#### PROBLEM REQUIREMENTS
Transcribe only the lines in the data below falling between the line with "Scottish Fold Cats" and the line with "Book Cover For", including those two lines, and leave out any picture.

------ RECORDS SHOWN

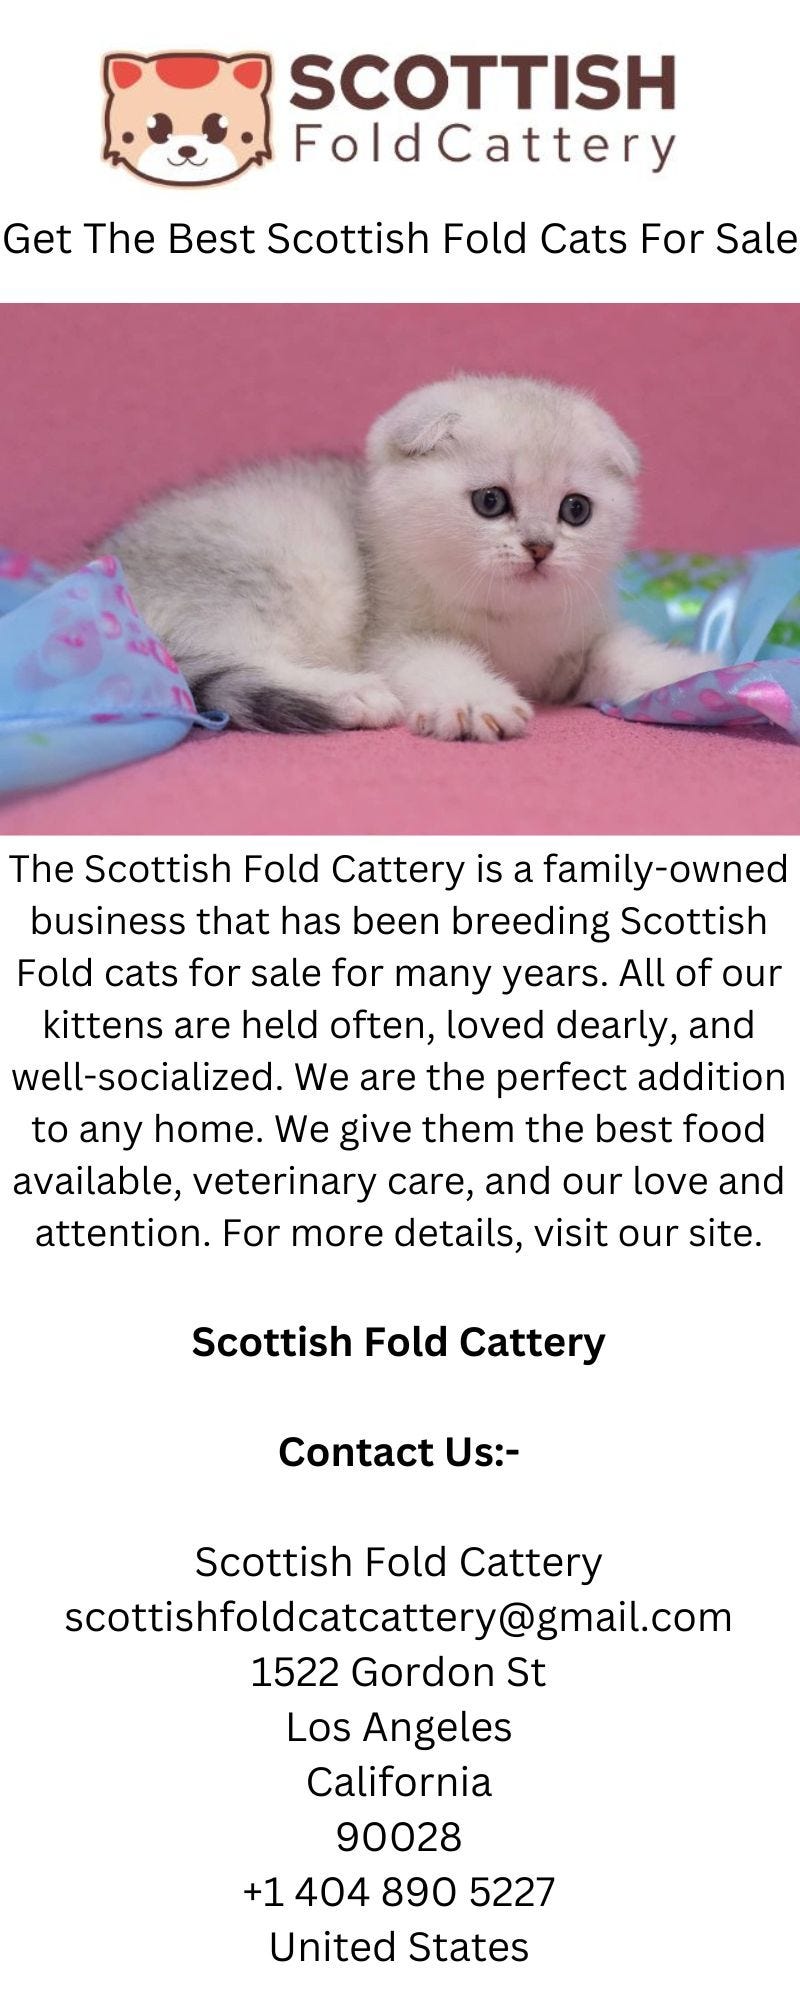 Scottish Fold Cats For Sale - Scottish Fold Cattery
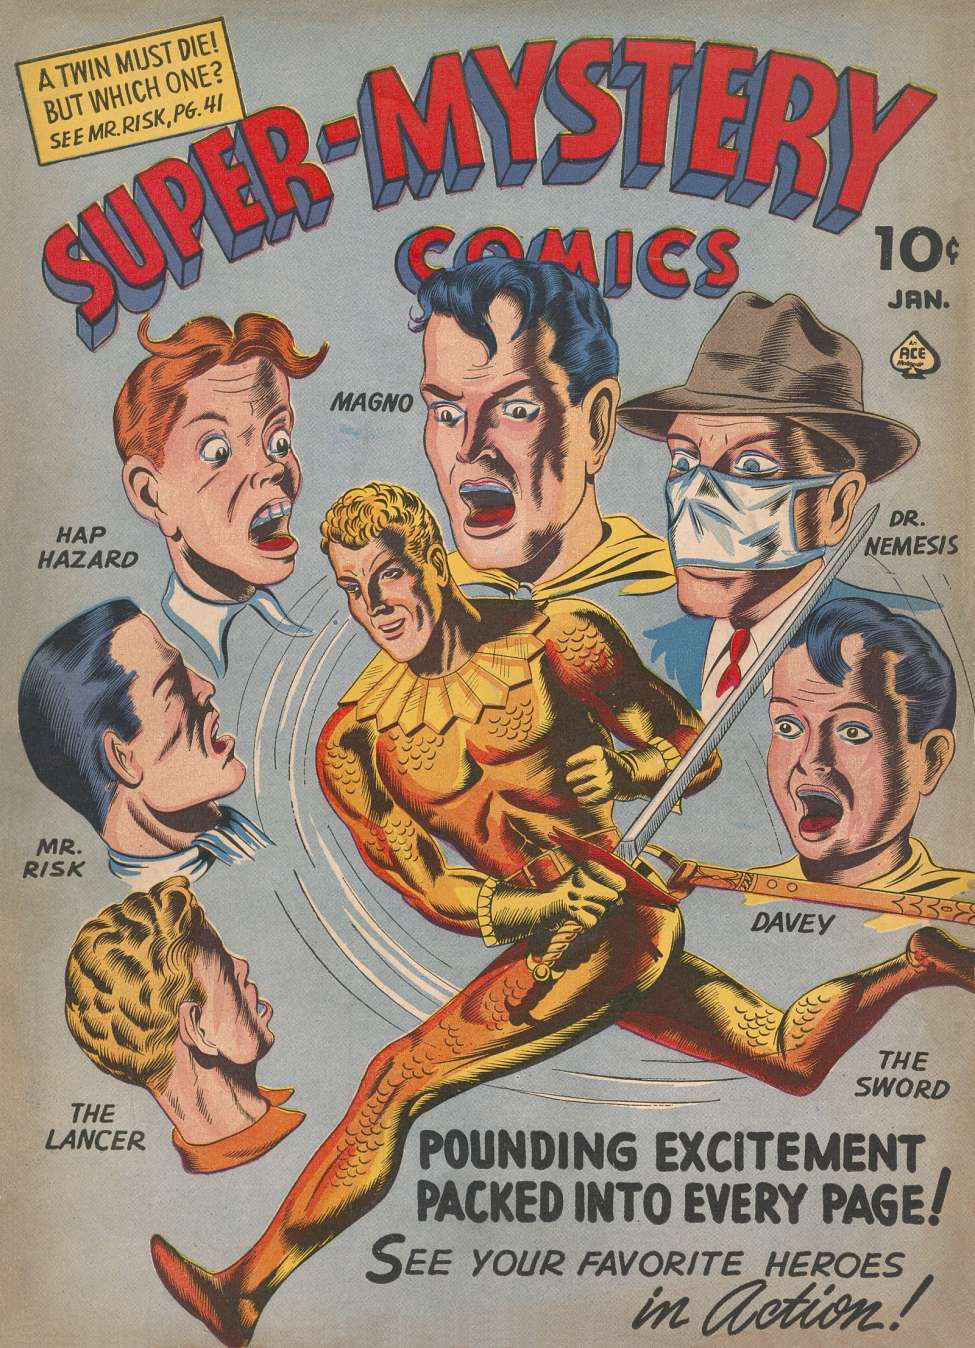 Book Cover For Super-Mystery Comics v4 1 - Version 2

------------
------ RECORDS SHOWN

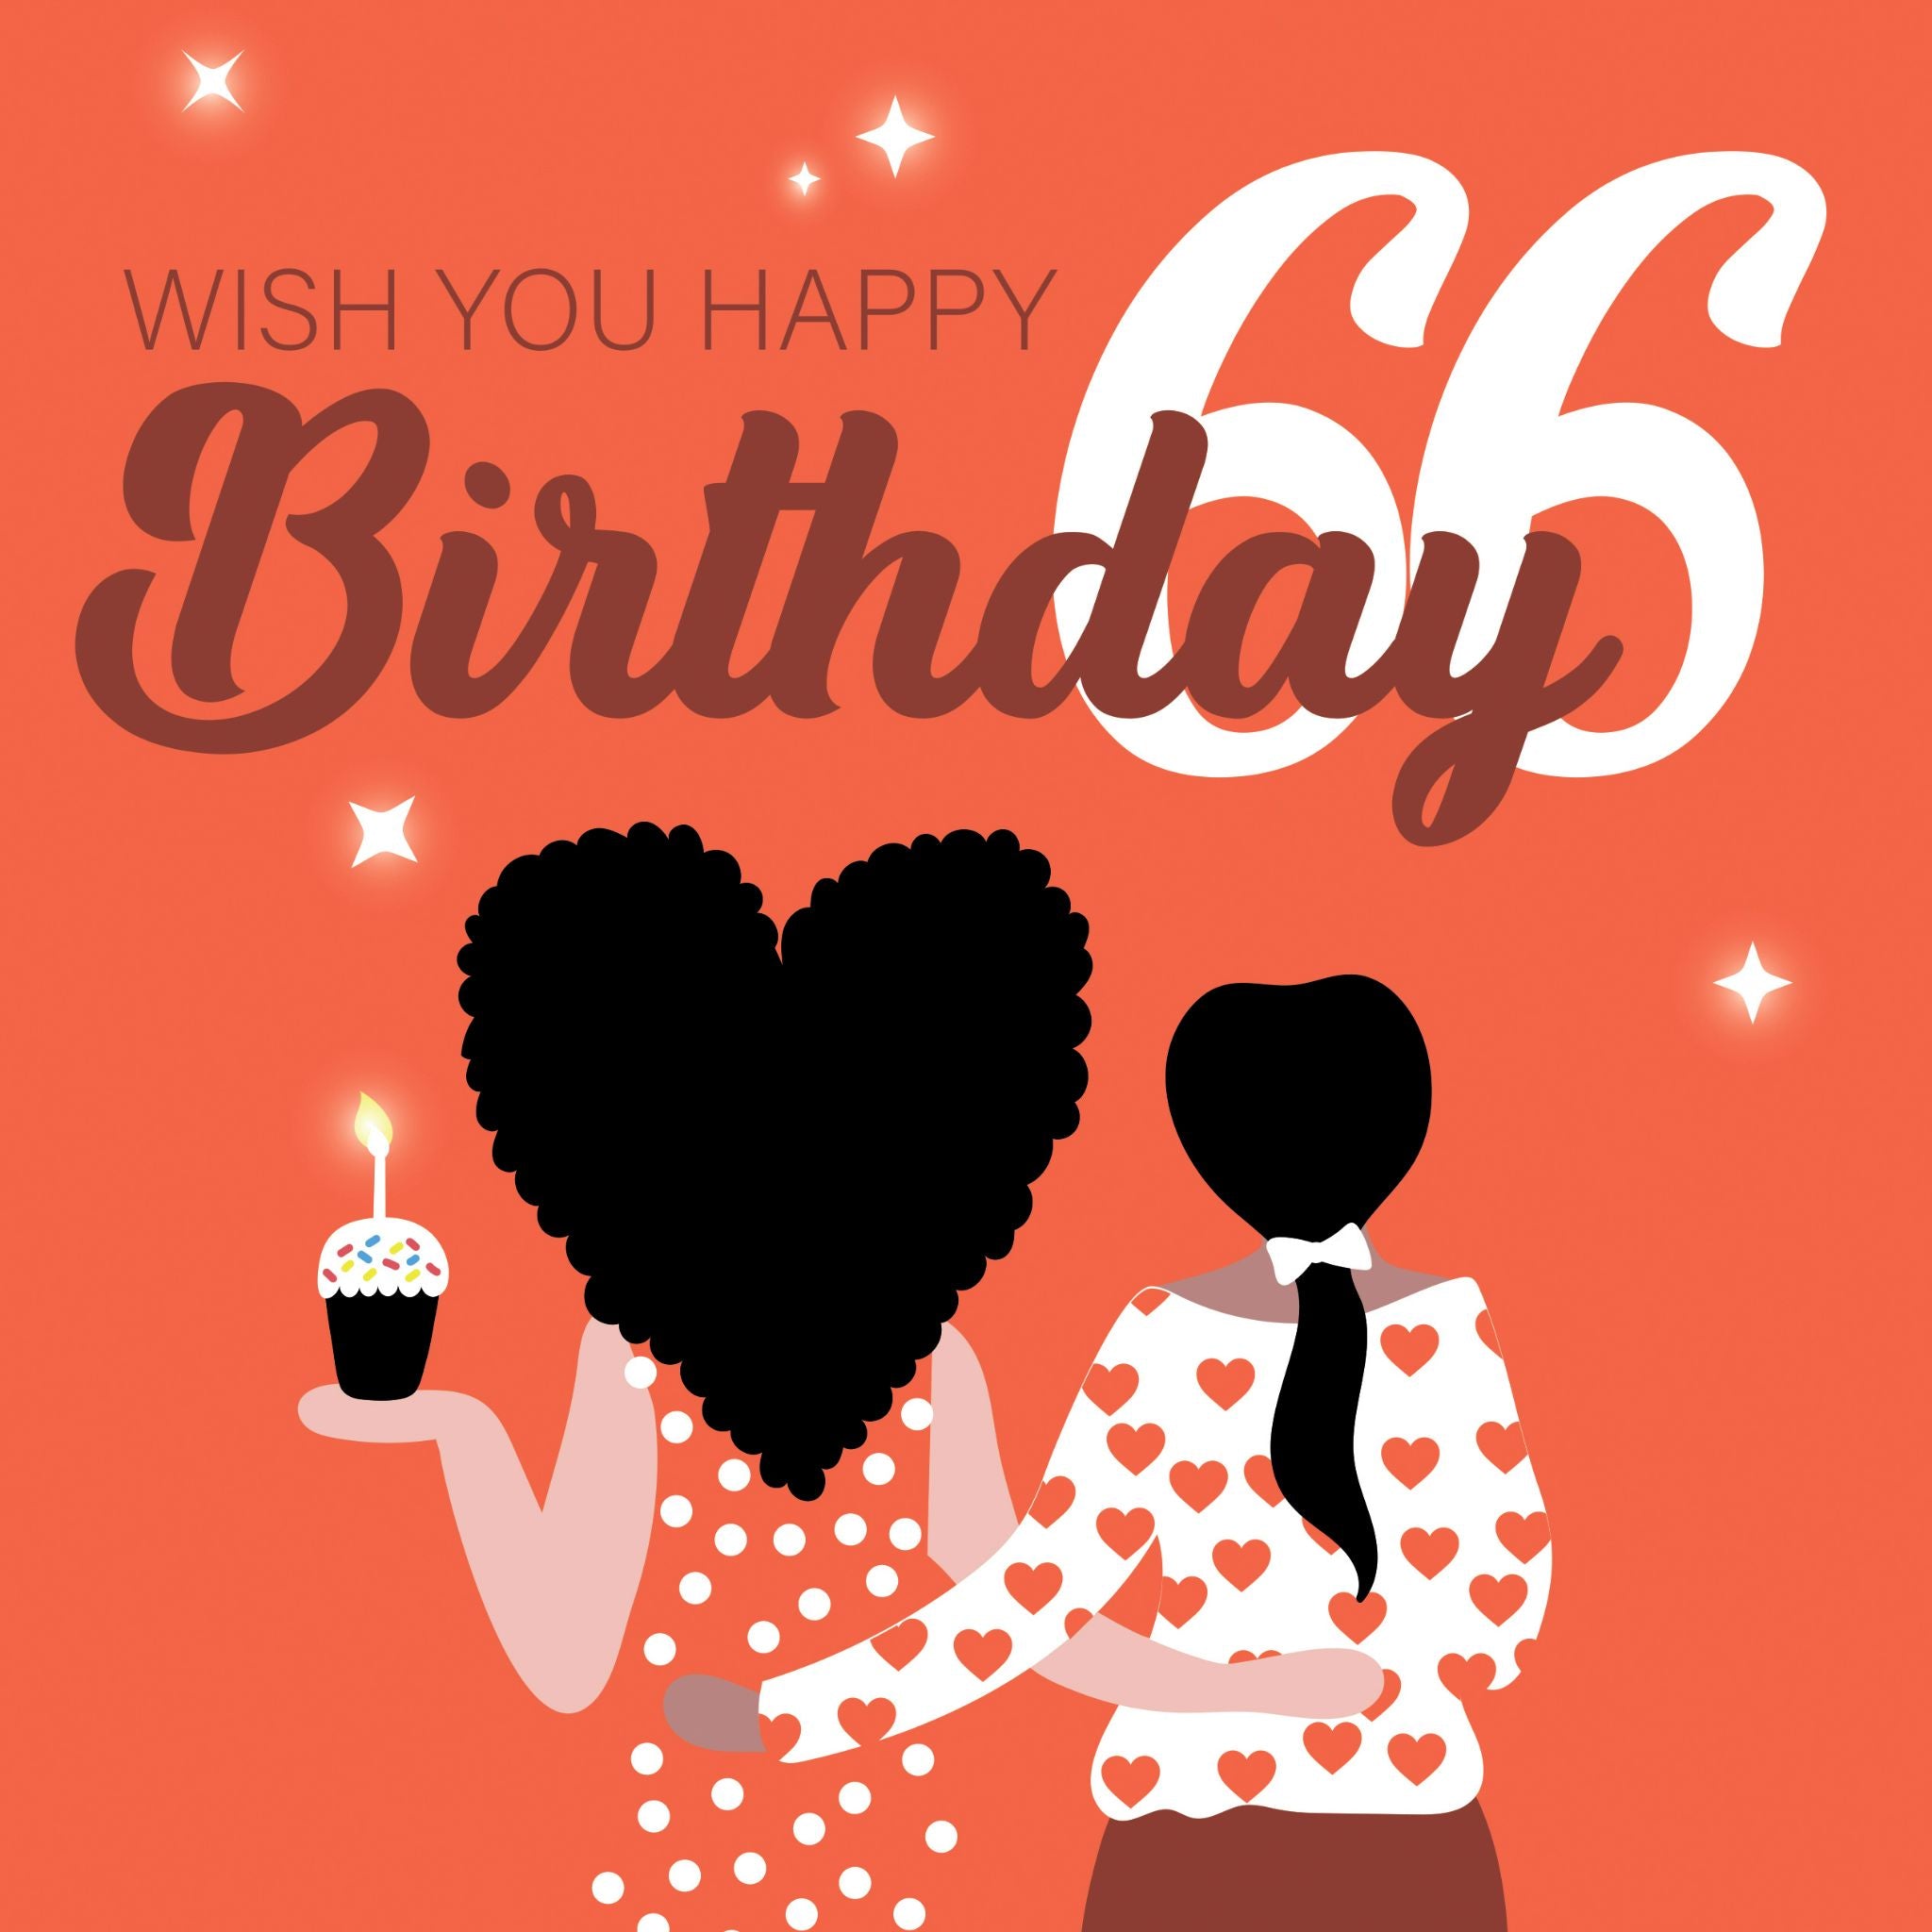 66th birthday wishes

------------
------ RECORDS SHOWN

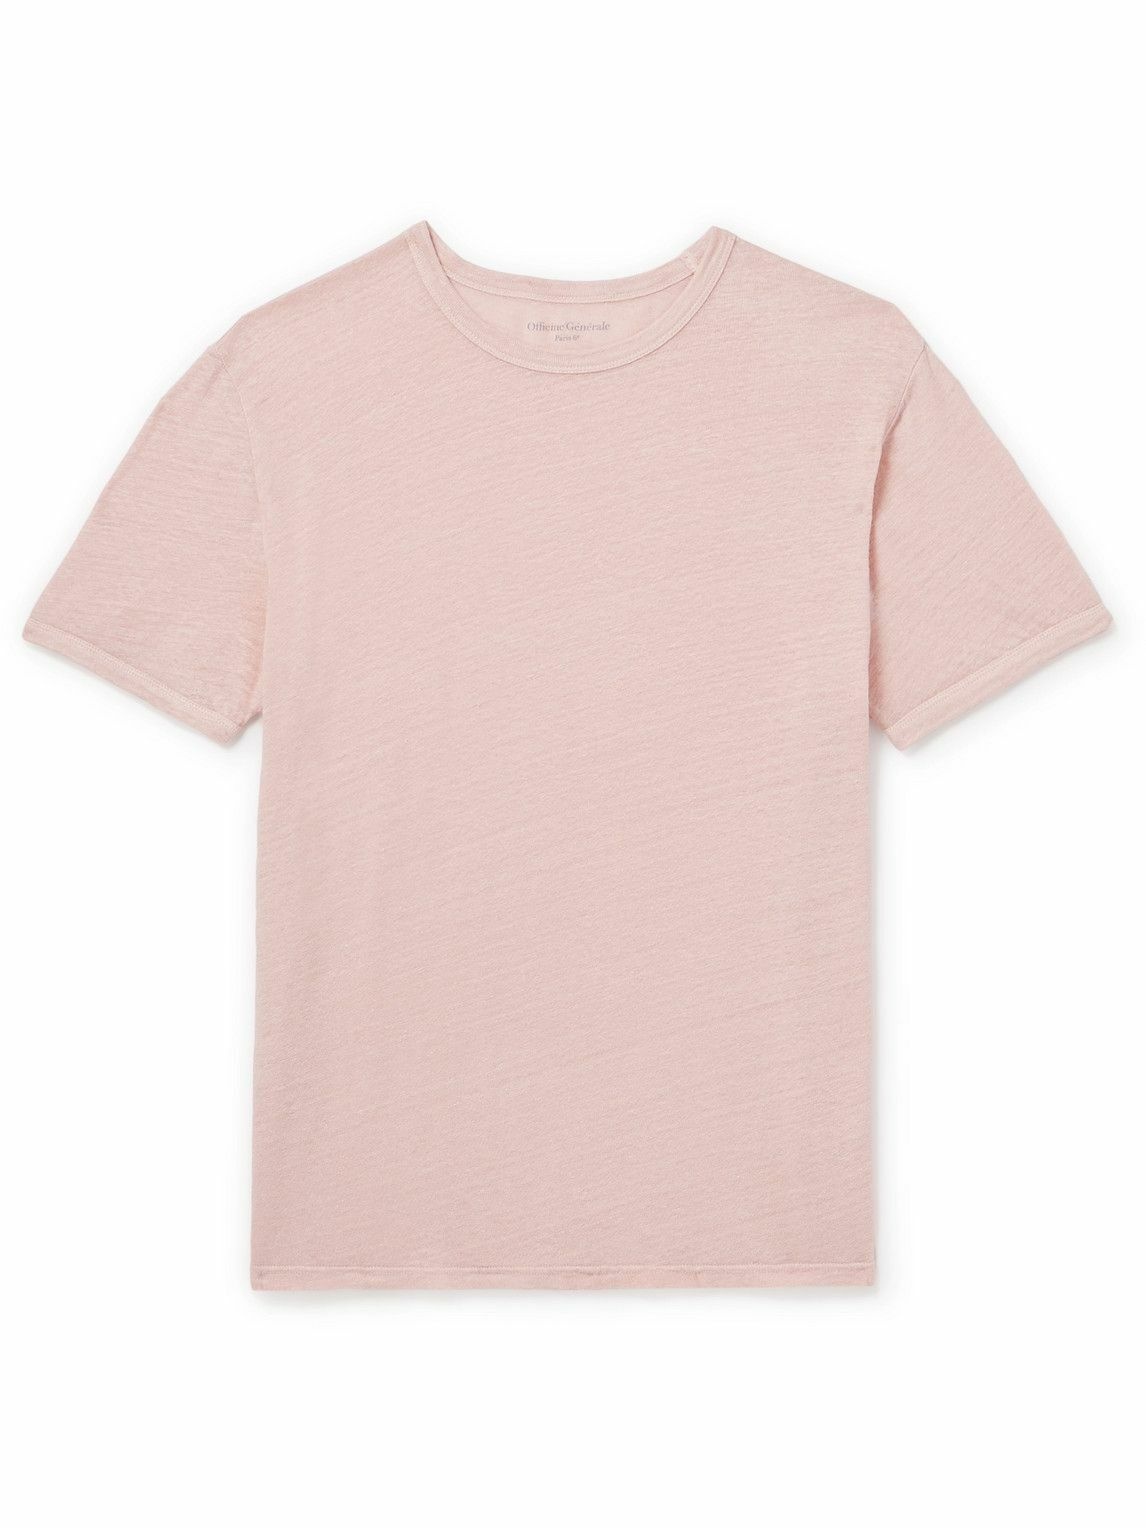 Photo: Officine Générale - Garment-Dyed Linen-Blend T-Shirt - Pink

------------

#### RESULT OF THE TASK
 Scottish Fold Cats For Sale - Scottish Fold Cattery
 Book Cover For Super-Mystery Comics v4 1 - Version 2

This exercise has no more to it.